By Alexey Sklyarenko , 20 November, 2025

In his Foreword to Humbert Humbert's manuscript John Ray, Jr. (a character in VN's novel Lolita, 1955) mentions Mr. "Windmuller," the "Ramsdale" lawyer who desires his identity suppressed so that “the long shadow of this sorry and sordid business” should not reach the community to which he is proud to belong:

 

“Lolita, or the Confession of a White Widowed Male,” such were the two titles under which the writer of the present note received the strange pages it preambulates. “Humbert Humbert,” their author, had died in legal captivity, of coronary thrombosis, on November 16, 1952, a few days before his trial was scheduled to start. His lawyer, my good friend and relation, Clarence Choate Clark, Esq., now of he District of Columbia bar, in asking me to edit the manuscript, based his request on a clause in his client’s will which empowered my eminent cousin to use the discretion in all matters pertaining to the preparation of “Lolita” for print. Mr. Clark’s decision may have been influenced by the fact that the editor of his choice had just been awarded the Poling Prize for a modest work (“Do the Senses make Sense?”) wherein certain morbid states and perversions had been discussed.

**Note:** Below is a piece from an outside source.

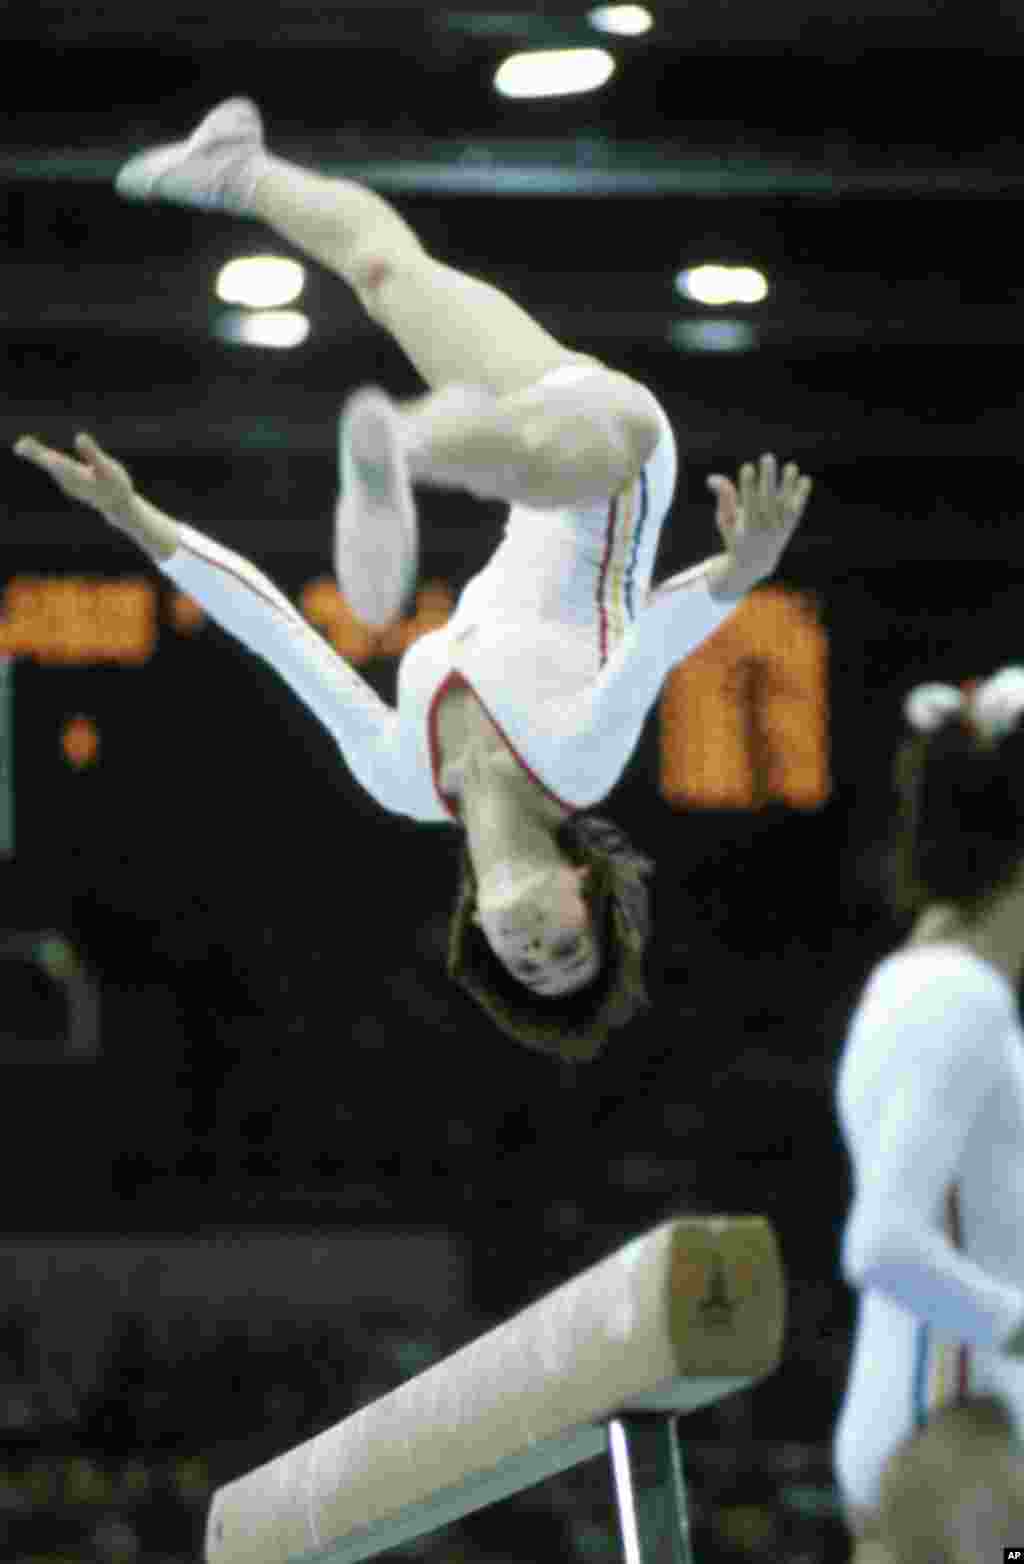 Румунська гімнастка Надя Команечі виконує &laquo;перекид&raquo; під час виступу, за який вона отримає чергову ідеальну десятку, цього разу на балансирі. Її перші круглі 10 балів були присуджені на Олімпіаді в Монреалі в 1976 році. Вона стала першою гімнасткою в історії, яка досягла такого результату
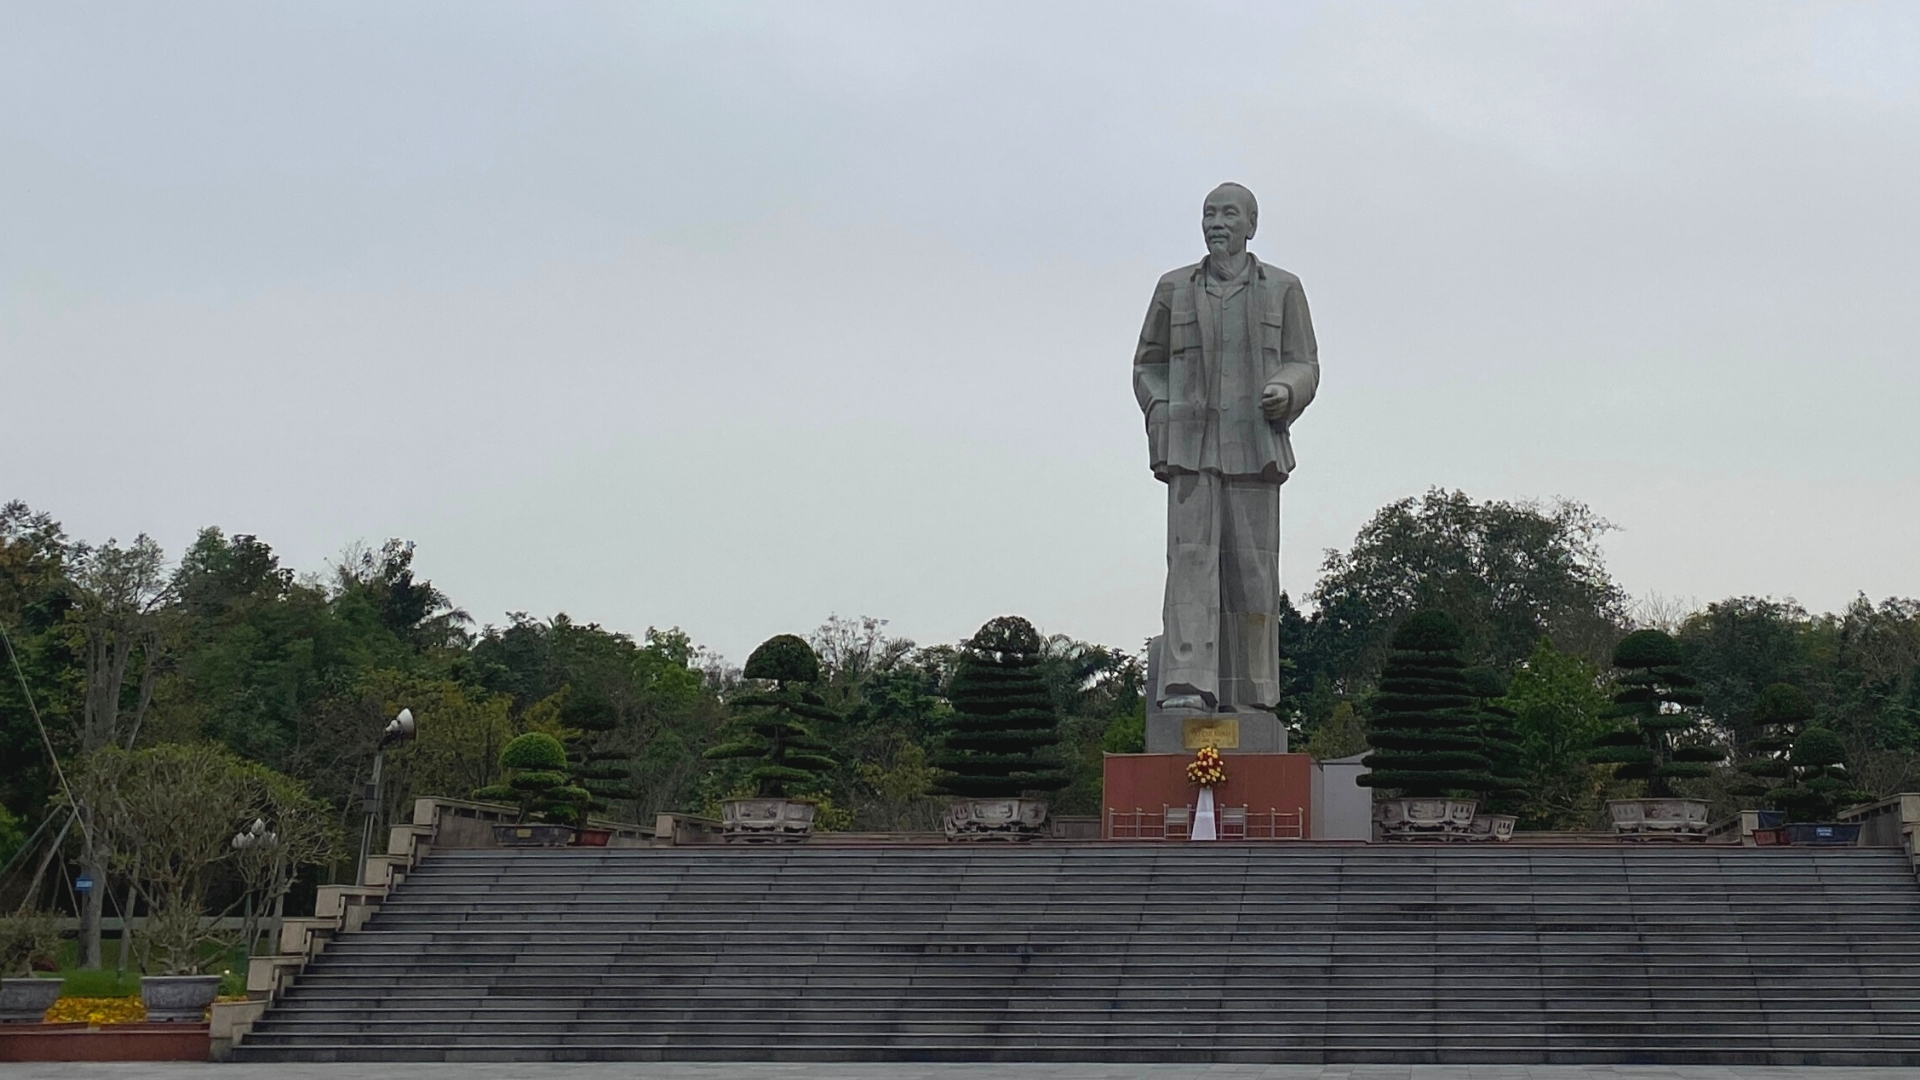 Đến TP. Vinh thăm Bác ở Quảng trường Hồ Chí Minh và khám phá phía sau tượng đài

My task proved simpler than either of us had anticipated. Save for the correction of obvious solecisms and a careful suppression of a few tenacious details that despite “H. H.”‘s own efforts still subsisted in his text as signposts and tombstones (indicative of places or persons that taste would conceal and compassion spare), this remarkable memoir is presented intact. Its author’s bizarre cognomen is his own invention; and, of course, this mask - through which two hypnotic eyes seem to glow - had to remain unlifted in accordance with its wearer’s wish. While “Haze” only rhymes with the heroine’s real surname, her first name is too closely interwound with the inmost fiber of the book to allow one to alter it; nor (as the reader will perceive for himself) is there any practical necessity to do so. References to “H. H.”‘s crime may be looked up by the inquisitive in the daily papers for September-October 1952; its cause and purpose would have continued to come under my reading lamp.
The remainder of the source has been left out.